The Commission in my view rightly observes that this criticism is concerned not so much with the definition of the market as with the determination of the existence of a dominant position. Furthermore the Commission in my view rightly points out — and Michelin NV does not deny this — that tyre dealers in the Netherlands cannot obtain sufficient continuous supplies of Michelin tyres outside the Netherlands (paragraph 34 of the decision) and that competition from foreign manufacturers in the Netherlands also comes from their local subsidiary companies whereas here again dealers cannot in practice obtain supplies from sources located abroad (Commission's defence). I would add that, even if dealers could obtain supplies direct from abroad, that does not necessarily mean that Michelin NV has no dominant position on the Netherlands market. As I have said, the relevant geographical market is not an independent concept but is connected with the dominant position whose existence must be proved and to that extent is a relative one.
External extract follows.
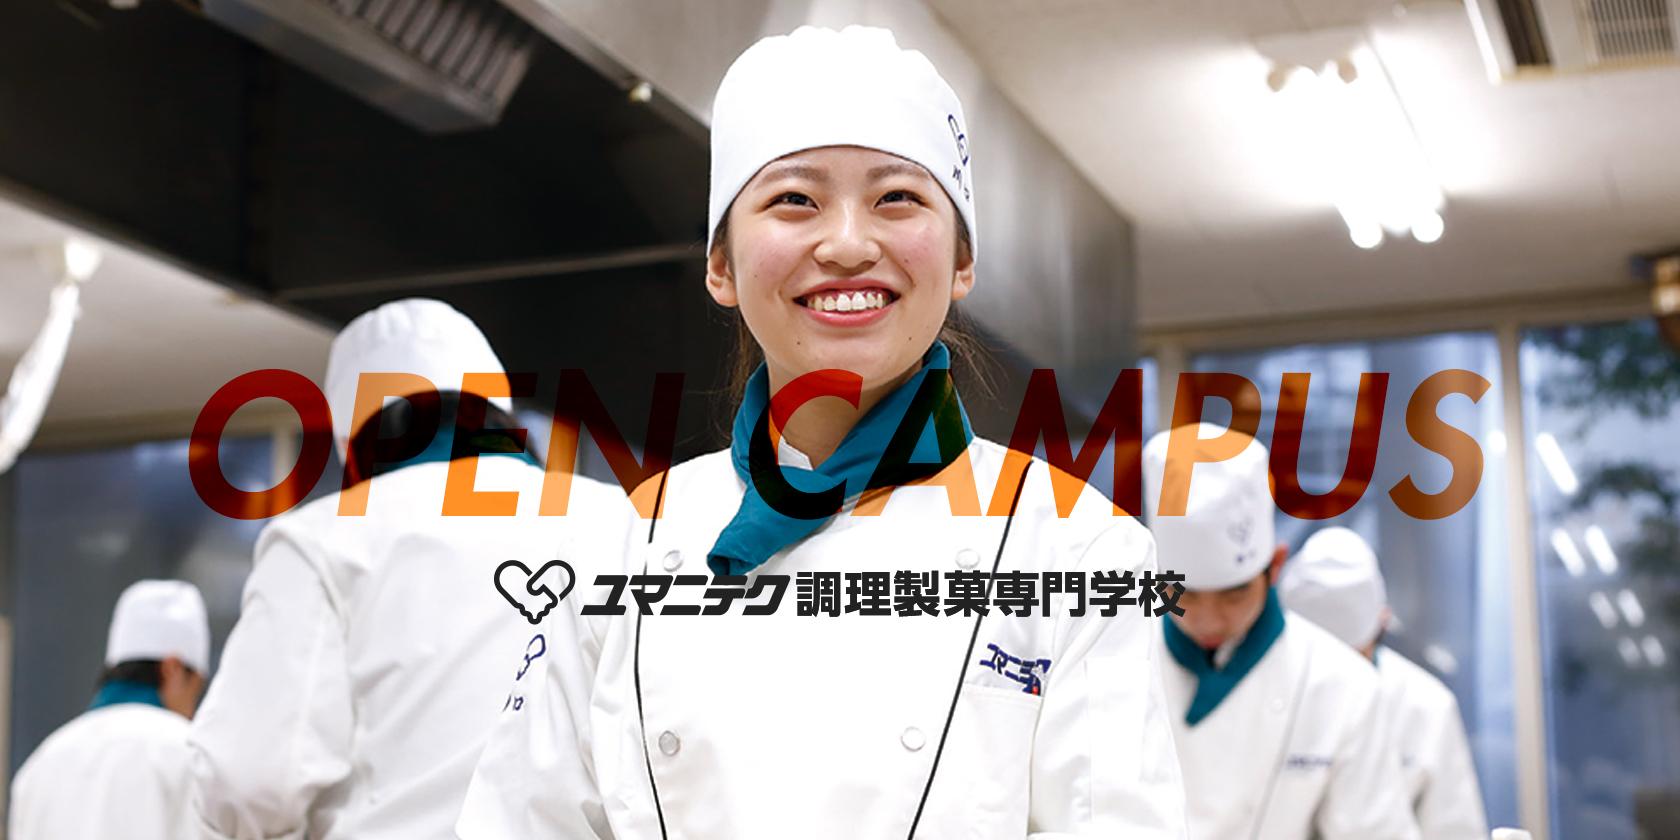 ユマニテク調理製菓専門学校オープンキャンパス情報サイト

Depending on the case in point, the Commission is entitled to regard the relevant geographical market as being the market which in the circumstances of the case is the most useful in investigating the case at issue and especially in proving its allegation of the existence of a dominant position.

2.3 Summing-up

To sum up, then, the applicant's criticism regarding the definitions of the relevant product market and relevant geographical market contained in the decision cannot in my view be accepted.

3. The dominant position

On the question whether a dominant position ; exists, which the applicant denies, I can be quite brief. Michelin NV does not deny that from 1975 to 1980 it had a 57 to 65% share of the market for new Michelin lorry and bus tyres in the Netherlands which I also consider to be the relevant market (paragraph 35 of the decision). According to the judgments of the Court in Hoffmann-La Roche (cited above) and United Brands (Case 27/76 [1978] ECR 207), such a market share must certainly be regarded as sufficient evidence of the existence of a dominant position if at the same time there is a considerable difference from the market shares of the major competitors. This is the case in this instance. According to the figures given in paragraph 35 of the decision, which are not contested by Michelin NV, the market shares of its five major competitors ranged between some 4 and 8% only. This means, as is rightly added in the decision, that a dealer who does not stock Michelin tyres suffers a loss of commercial prestige and the survival of his business may be endangered. To quote from paragraph 39 of the decision in Hoffmann-La Roche:“Such a position does not preclude some competition... but enables the undertaking which profits by it, if not to determine, at least to have an appreciable influence on the conditions under which that competition will develop, and in any case to act largely in disregard of it...”. Furthermore, it is not in substance denied that like Hoffmann-La Roche Michelin NV has “a very extensive and highly specialized sales network” (paragraphs 42 of the judgment and 36 of the contested decision). The essential point here, and this is not denied by Michelin ŃV either, is that the absolute size of Michelin NV's sales network was substantially bigger than its competitors'. In view of all this, the additional argument advanced by the Commission to establish the existence of a dominant position is in fact no longer of decisive importance. This is also true of the Commission's other arguments based inter alia on the fact that Michelin NV's range of heavy tyres is wider than its competitors'.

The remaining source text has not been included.